WHAT YOU WILL DO — Reproduce exactly, and only, the lines of the material below running from the line bearing "PUCCINI Vintage Retro" through the line bearing "Verbinding: No. 12.". Leave any pictures out.

*** EXERCISE MATERIALS Section Begins ***

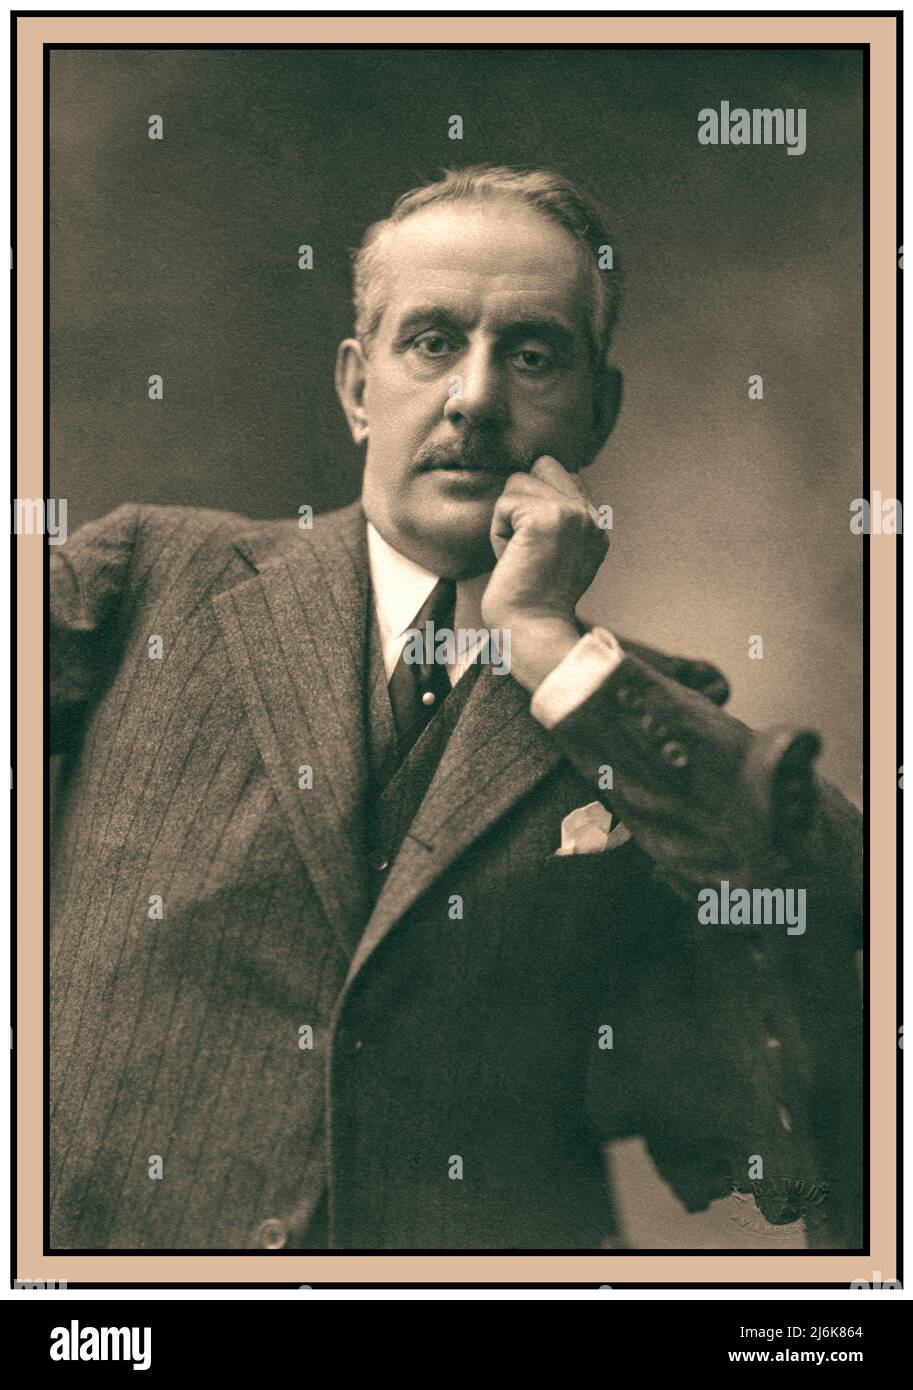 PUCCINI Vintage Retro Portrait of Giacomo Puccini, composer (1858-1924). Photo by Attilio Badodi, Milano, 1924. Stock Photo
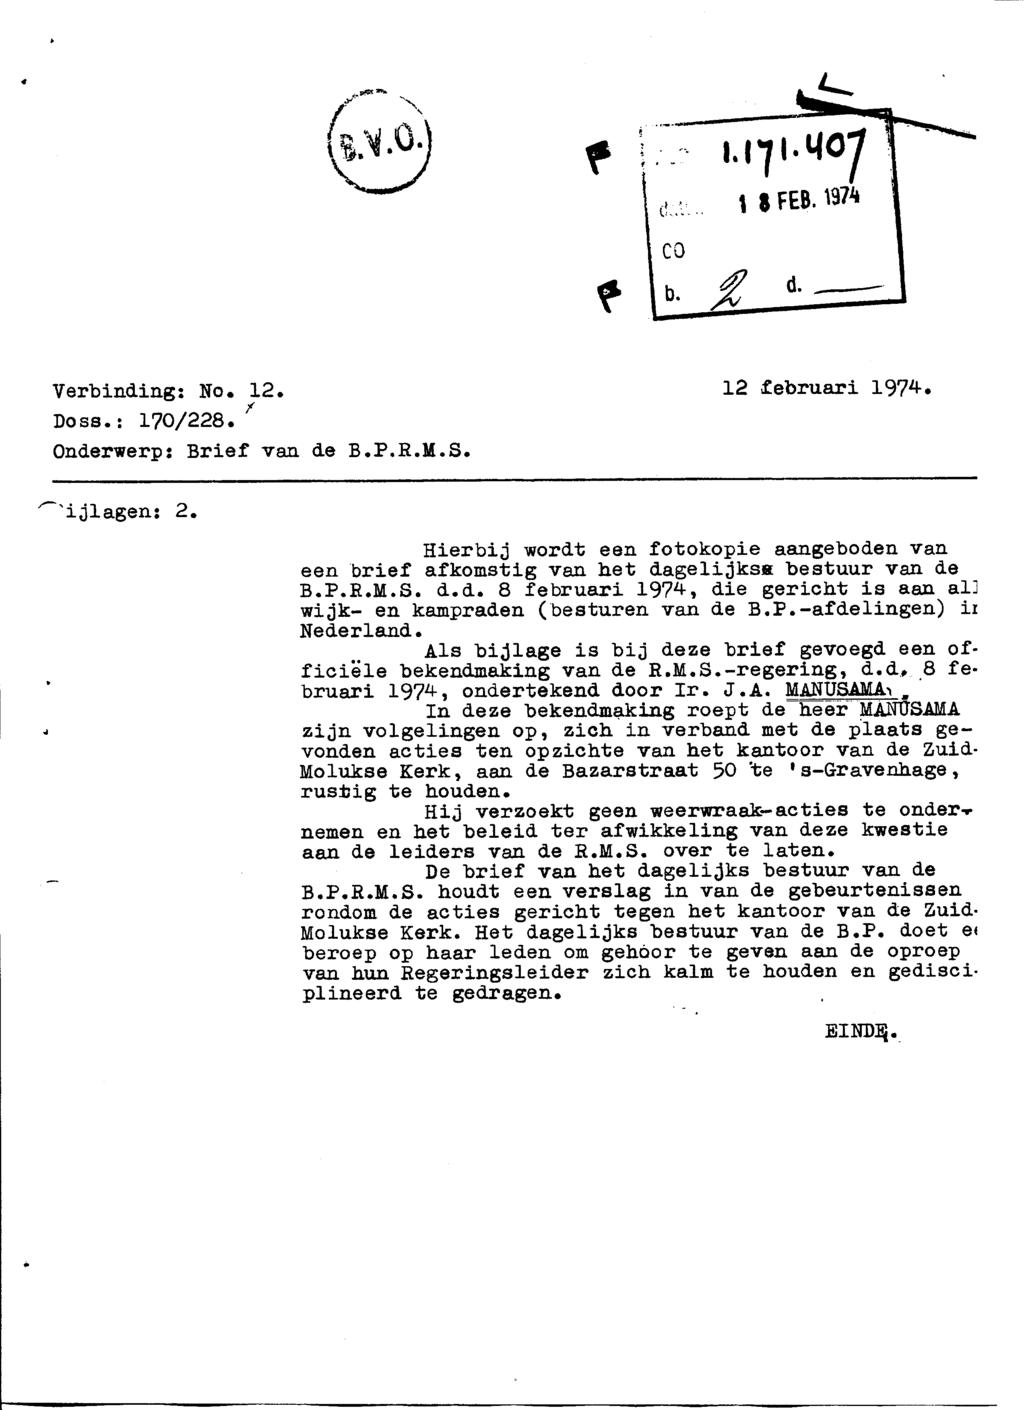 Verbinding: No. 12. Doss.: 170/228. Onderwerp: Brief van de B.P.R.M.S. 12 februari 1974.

*** EXERCISE MATERIALS Section Ends ***
*** EXERCISE MATERIALS Section Begins ***

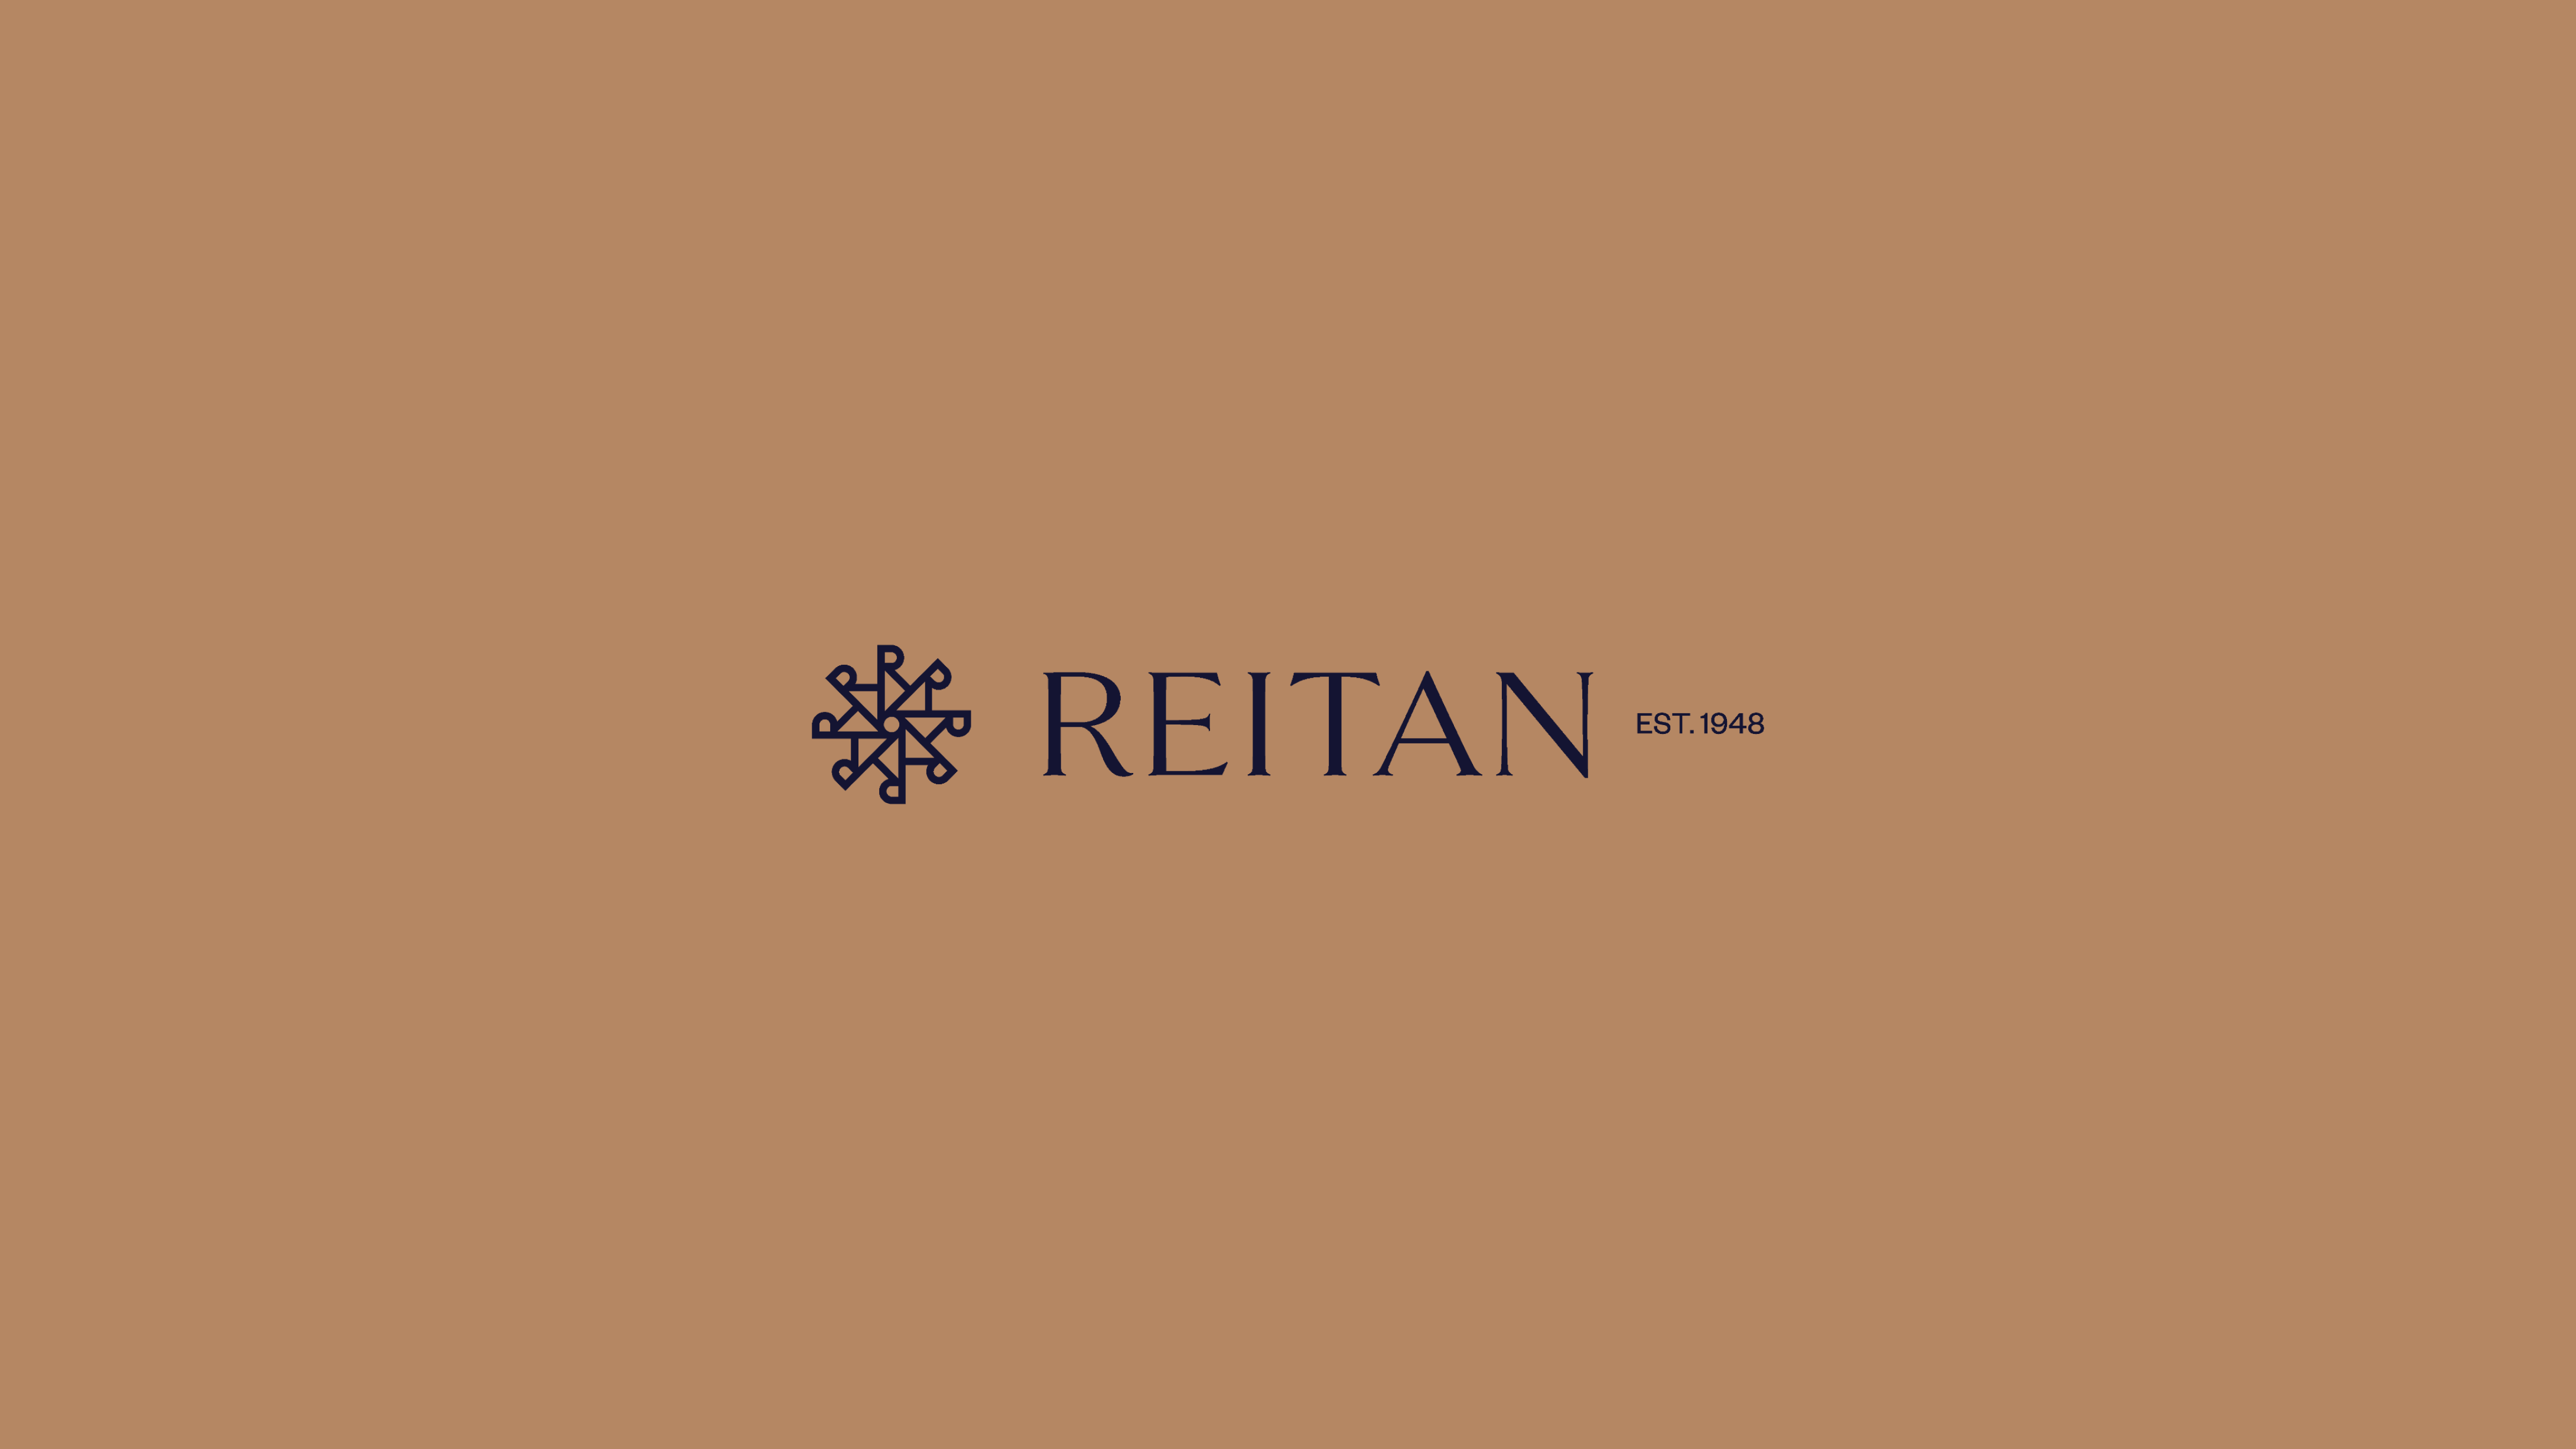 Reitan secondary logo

*** EXERCISE MATERIALS Section Ends ***
*** EXERCISE MATERIALS Section Begins ***

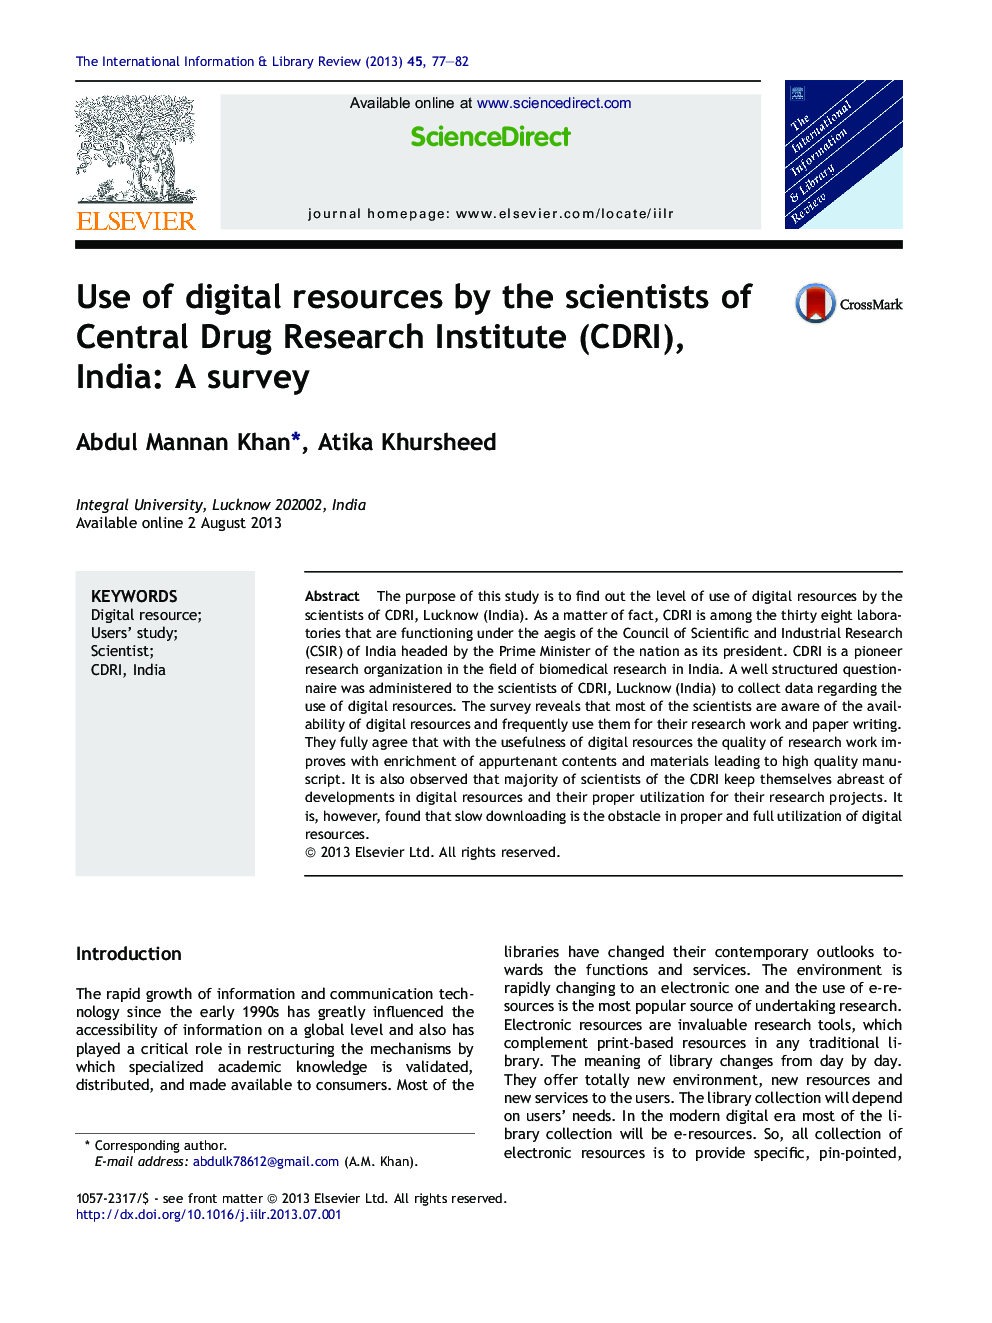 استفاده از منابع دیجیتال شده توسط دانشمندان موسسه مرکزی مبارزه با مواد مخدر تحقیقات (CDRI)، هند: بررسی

*** EXERCISE MATERIALS Section Ends ***

SOLUTION TO THIS EXERCISE —
 PUCCINI Vintage Retro Portrait of Giacomo Puccini, composer (1858-1924). Photo by Attilio Badodi, Milano, 1924. Stock Photo
 Verbinding: No. 12. Doss.: 170/228. Onderwerp: Brief van de B.P.R.M.S. 12 februari 1974.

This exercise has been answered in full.